A Cryptic Message on a Postcard Leads to a Message from the Past
The title of this book, The Postcard by Anne Berest, is simplicity that belies the complexities and mysteries of a population of people born during the chaos of any Nazi occupied country during WWII. A postcard is the simplest form of mail to send or receive, and in this case a cryptic message received on one prompts a search spanning generations. For those born during the confusion of the war years, made more inscrutable due to deaths, fears of documentation, and destruction of buildings housing records, all caused by existing wartime conditions, a segment of humanity is left without genealogical connections intact, exacerbated by fears of that period that exact knowledge and record keeping might escalate risks. A daughter begins an odyssey of discovery seeking answers related to a mysterious postcard her mother received from Paris in January 2003, that ultimately leads to a precious gift.
Pile on top of a generation desperately seeking more information about their origins, a smug unkind class system develops based upon speculation of how authentically Jewish such a person might be, much like that which occurred following the civil war where degree of blackness was a basis for scrutiny or condemnation on all sides of the racial spectrum. The narrator later imagines how she might have responded to a recent cruel comment, “You said I’m only Jewish when it suits me. But, Déborah, when my daughter was born, when I held her for the first time, do you know what I thought of? The first image that went through my mind? It was the mothers who were breastfeeding when they were sent to the gas chambers. So yes, it would suit me not to think about Auschwitz every day. It would suit me for things to be different. It would suit me not to be afraid of the government, afraid of gas, afraid of losing my identity papers, afraid of enclosed spaces, afraid of dog bites, afraid of crossing borders, afraid of traveling by airplane, afraid of crowds and the glorification of virility, afraid of men in groups, afraid of my children being taken from me, afraid of people who obey orders, afraid of uniforms, afraid of being late, afraid of being stopped by the police, afraid whenever I have to renew my passport. Afraid of saying that I’m Jewish.”

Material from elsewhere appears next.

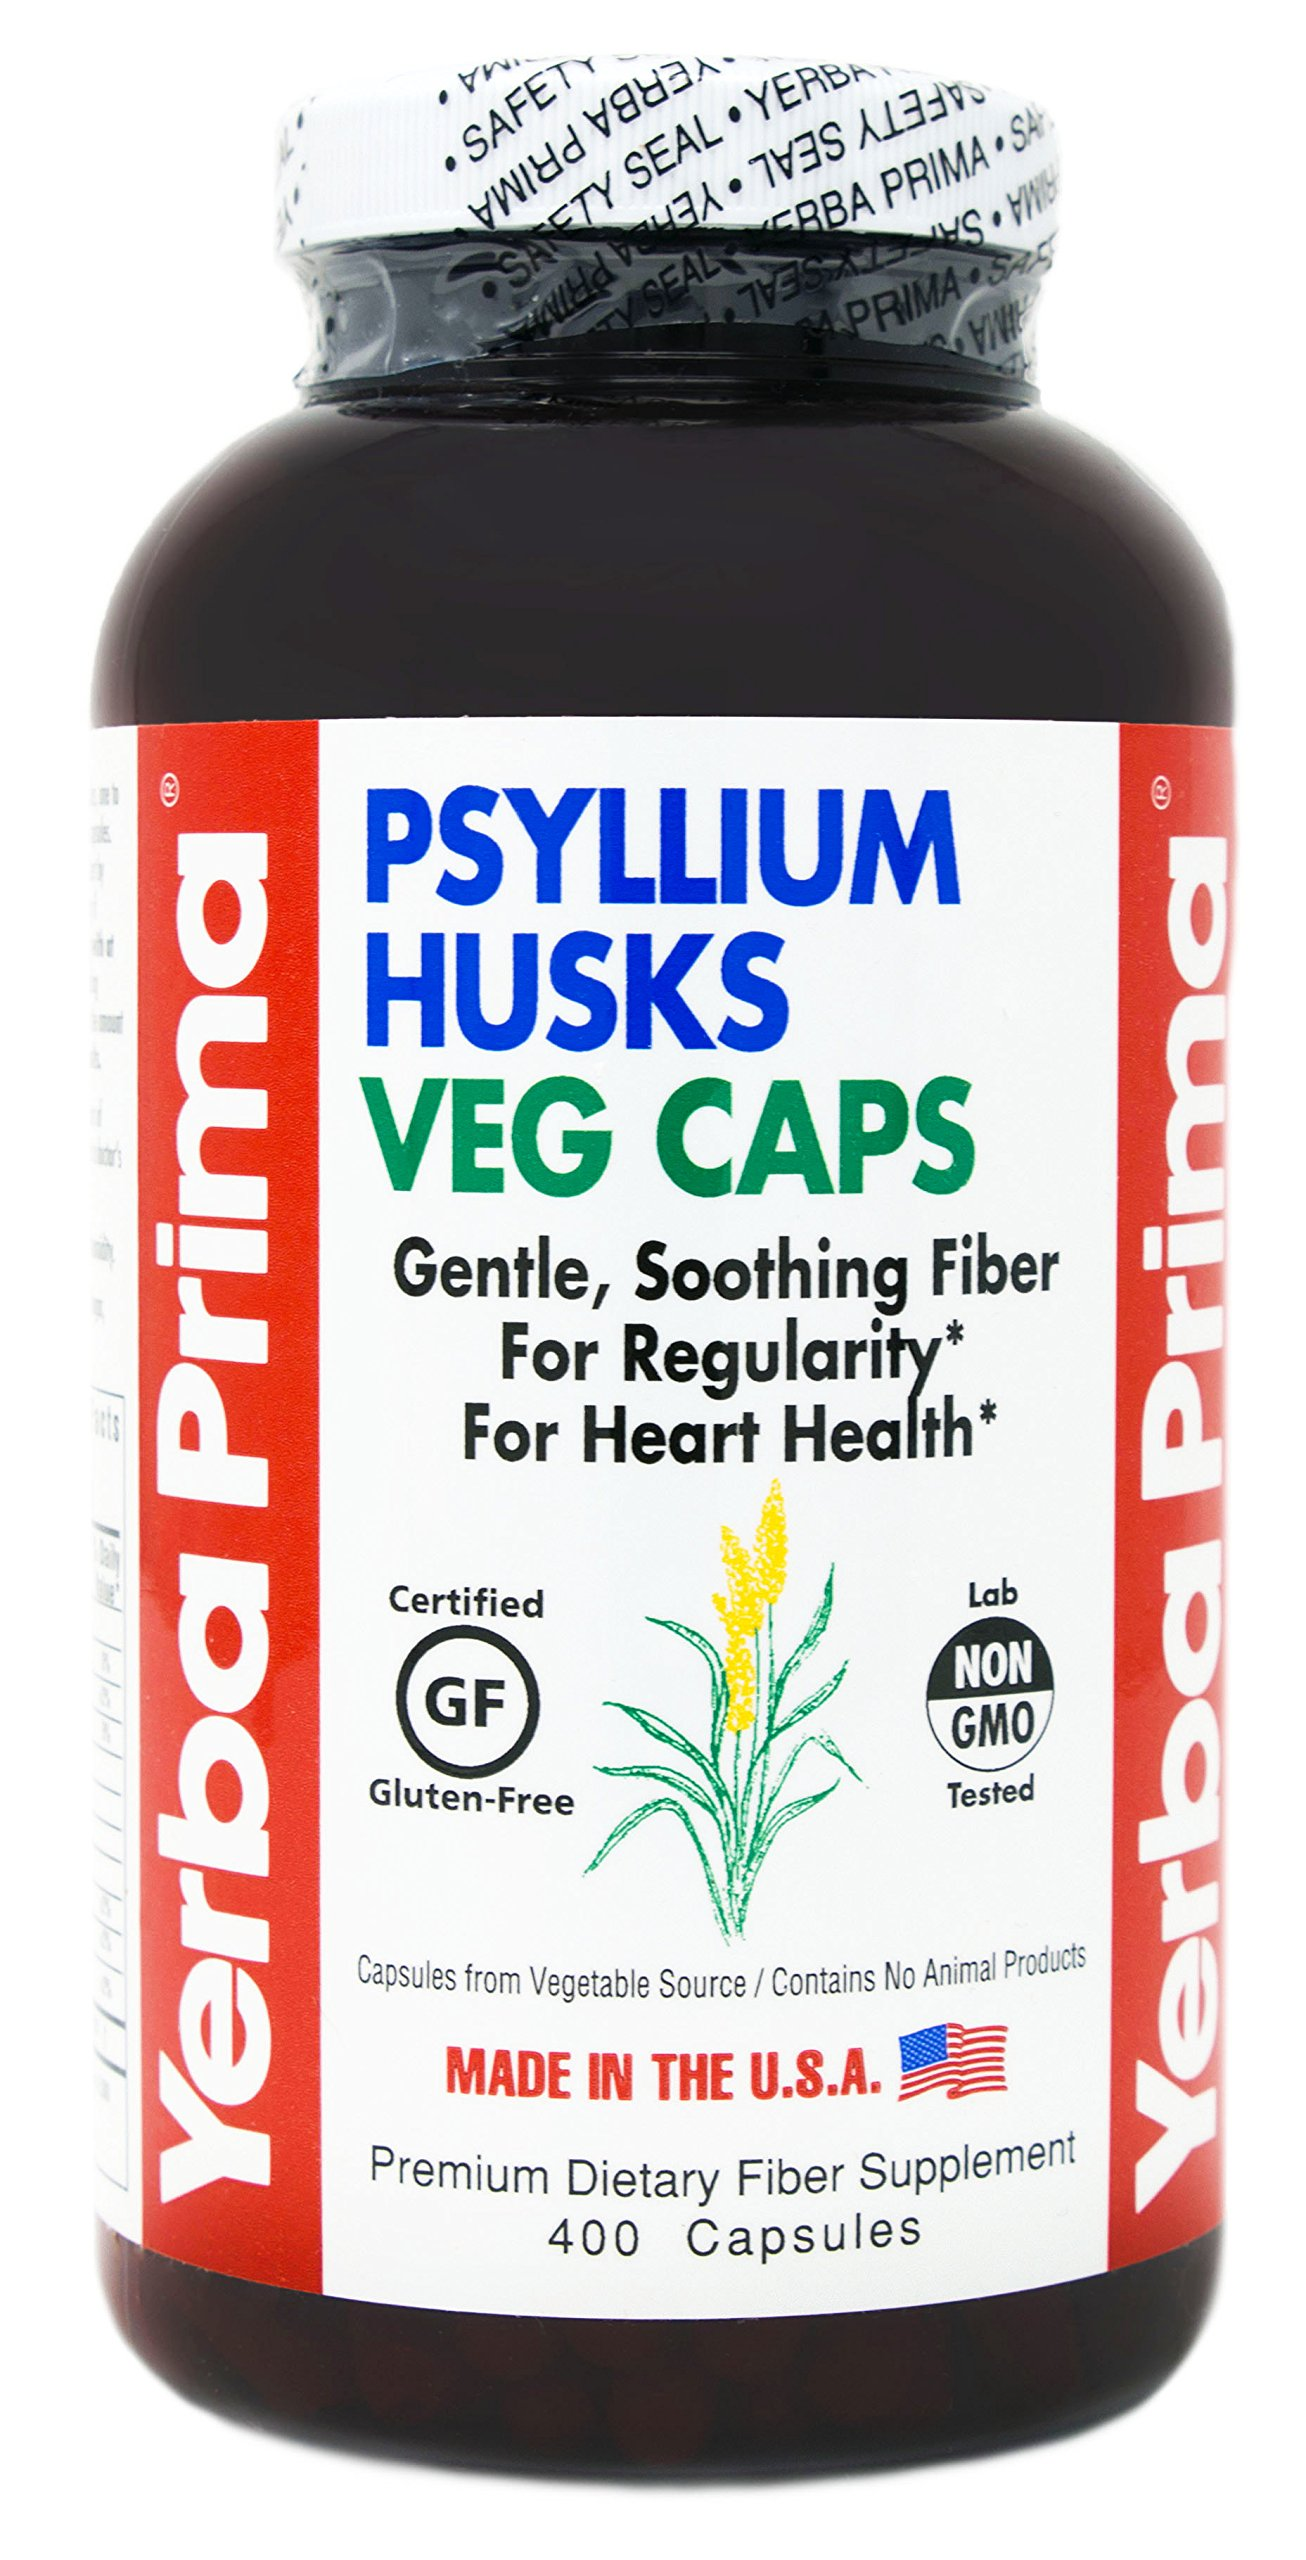 Yerba Prima Psyllium Husks Veg Caps - 400 Count (625mg per capsule) - Non-GMO, Gluten Free, Daily Fiber Supplement

The story this book tells, against the backdrop of massive repatriation efforts of war refugees in the period immediately following the allied liberation of many camps, is a stunning and unforgettable landmark truth telling long overdue. Can one even imagine diaries received by descendants more than half a century after they were so carefully written. A gift of time and circumstance facilitated by a search initiated so many years after pen was put to paper? It is an inviolable strand of love for those whose voices were silenced that draws the past, with all its injustice, horror, and violation, into the present, all because a grandmother “…knew her memory was failing, and she said to me, I can’t forget them. If I do, there will be no one left to remember that they ever existed.’” Years later a promise is kept, a postcard of the Paris Opera House is mailed from Paris, and a search for answers begins, precipitating new genealogical connections to lives that might otherwise have stayed buried by wartime confusion. Later a parcel arrives: “I unsealed the envelope. Something went through the room then, a kind of silent, electric exhalation. A letting-out of breath. Both of us felt it. I gently extracted two notebooks…Every page was full; not a single line was left empty. I opened the first notebook…I began to read aloud to my mother.”